In one of Chicago’s largest trade unions — the electricians — the percentage of black apprentices has plunged from 20 percent between 1996 and 1999 to 10 percent between 2000 and the present.
The only union in which African-Americans made significant gains is in the laborer’s union, which is the least skilled and pays less than most other trades.
But even as blacks were pushed out of jobs and marginalized through these “progressive” laws, “progressive” legislation was there to get blacks back on their feet — or was it?
Welfare
In the area of government welfare, again, it cannot be realistically claimed that progressive policies have not been tried to aid black families, to lift blacks from poverty. The government provides food assistance, low-income loans, housing, healthcare, phones, day care, and job training — and it has been in the poverty business in a big way since 1964 and in a smaller way since the 1930s.
The results of such government intervention depend on how one views “success.” Liberals usually determine the relative success of welfare programs by how many “needy people” receive benefits. Taken as whole, progressives usually consider welfare to be a great success, though not nearly as successful as it could be because conservatives are too stingy, uncaring, and heartless. Liberal blogger Terrance Heath recently commented on the 1996 welfare reform law named the Personal Responsibility and Work Opportunity Reconciliation Act, which was meant to allow states to reform their welfare laws and coerce so-called welfare queens into getting jobs (using this law, between 1996 and 2000, Idaho reduced its welfare caseload by 94 percent). He said about this “conservative” success story, “The ‘success’ was getting people off welfare rolls, not necessarily improving their condition. It was about reducing the number of people receiving government assistance, not reducing need for assistance.”
Such a typical liberal line, of course, creates a paradox: Either conservatives as a group, most of whom are undoubtedly professing Christians, are heartless and cruel because they don’t support unlimited government giveaways that are obvious, visible “good,” or conservative assertions are true about liberals being willfully ignorant both about the harmful repercussions of the programs they support and about the other more-efficacious ways that the poor could be helped. (See "Real Solutions for Black Americans")
Which seems more likely?
As with minimum-wage requirements, welfare definitely helps some people; the question, therefore, becomes, “Does welfare do more harm than good?” If it does more harm than good, its existence should not be justified by anyone who cares about the poor.
If the main goal of welfare is to reduce poverty, as President Lyndon Johnson proclaimed in his January 8, 1964 “War on Poverty” State of the Union address that prompted welfare as we know it today, one would have to conclude that welfare has failed.

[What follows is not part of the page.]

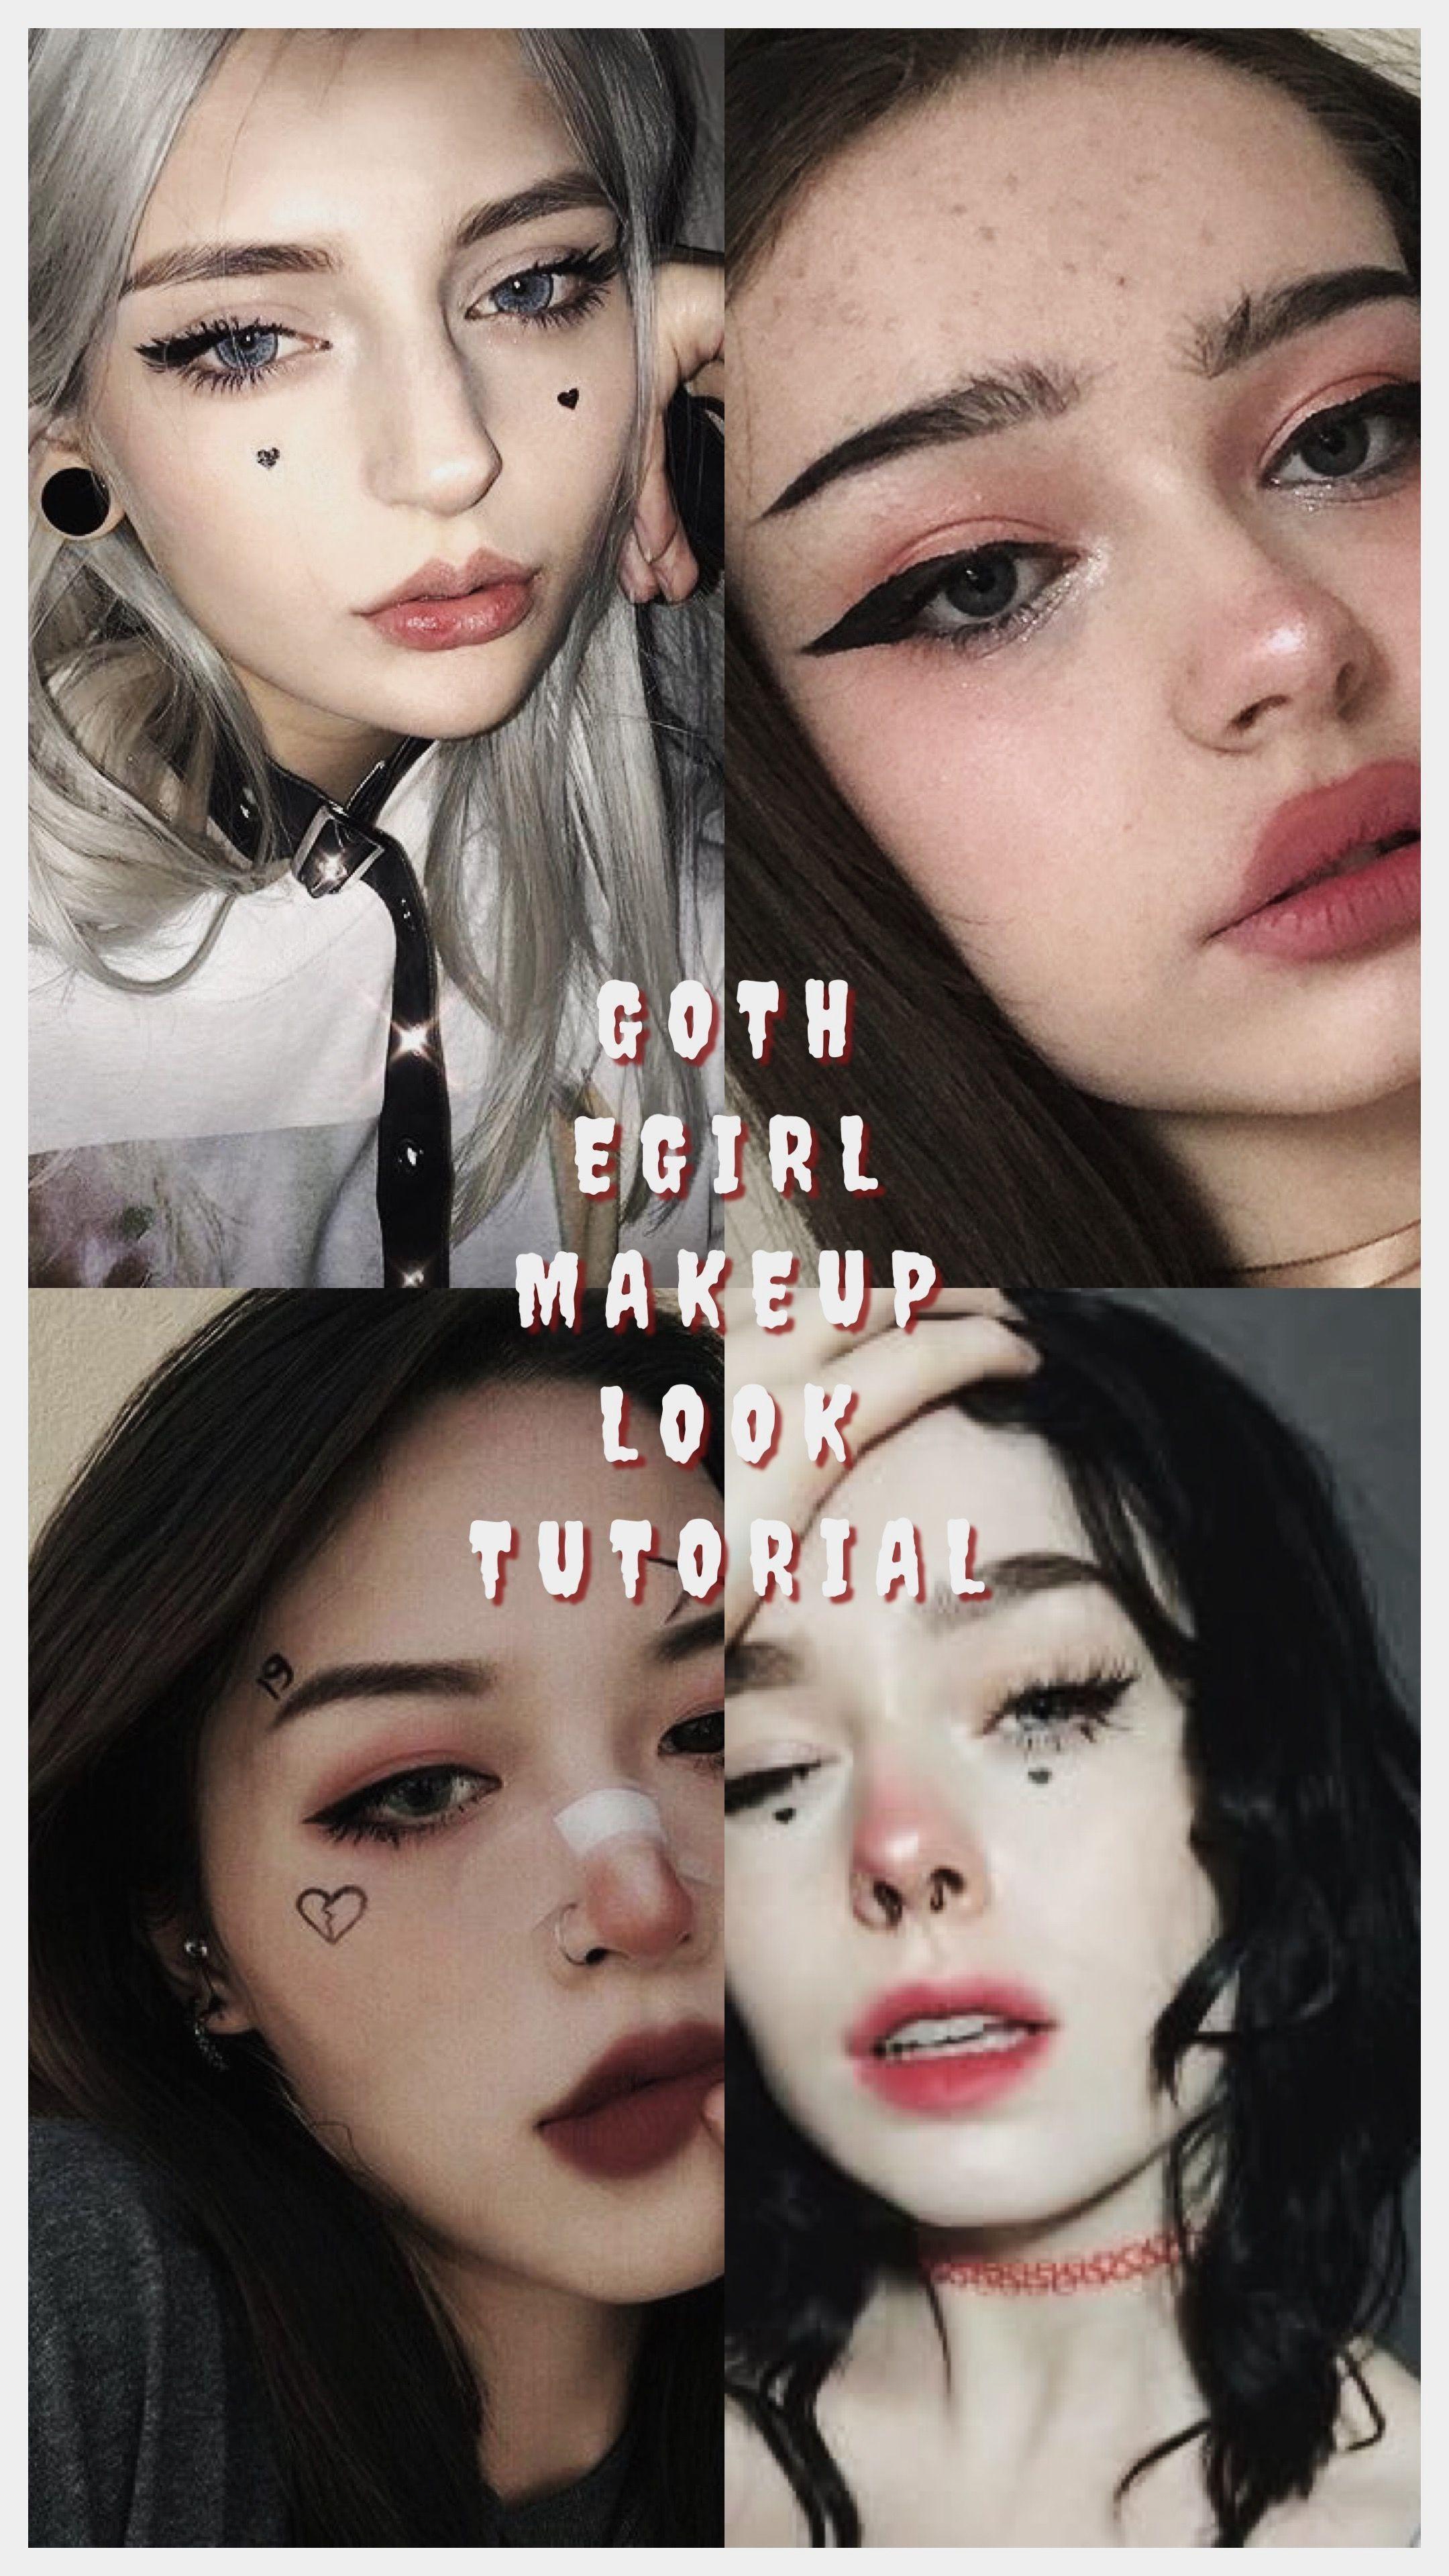 Egirl Makeup In 2020 Edgy Makeup Goth Makeup Carnival Makeup

Johnson said in setting the goal of the welfare state,
Our joint Federal-local effort must pursue poverty, pursue it wherever it exists — in city slums and small towns, in sharecropper shacks or in migrant worker camps, on Indian Reservations, among whites as well as Negroes, among the young as well as the aged, in the boom towns and in the depressed areas. Our aim is not only to relieve the symptom of poverty, but to cure it and, above all, to prevent it.
How short have we fallen from the initial stated goal of ending poverty through welfare? Prior to the start of the War on Poverty, black poverty was decreasing steadily, despite the job handicaps placed in the way of blacks by biased white unions, anti-black minimum-wage and prevailing-wage schemes, and occupational licensing laws.
The black poverty rate was cut dramatically between 1940 (then between 71 and 87 percent in poverty, depending on which statistics are used) and 1966 (41 percent).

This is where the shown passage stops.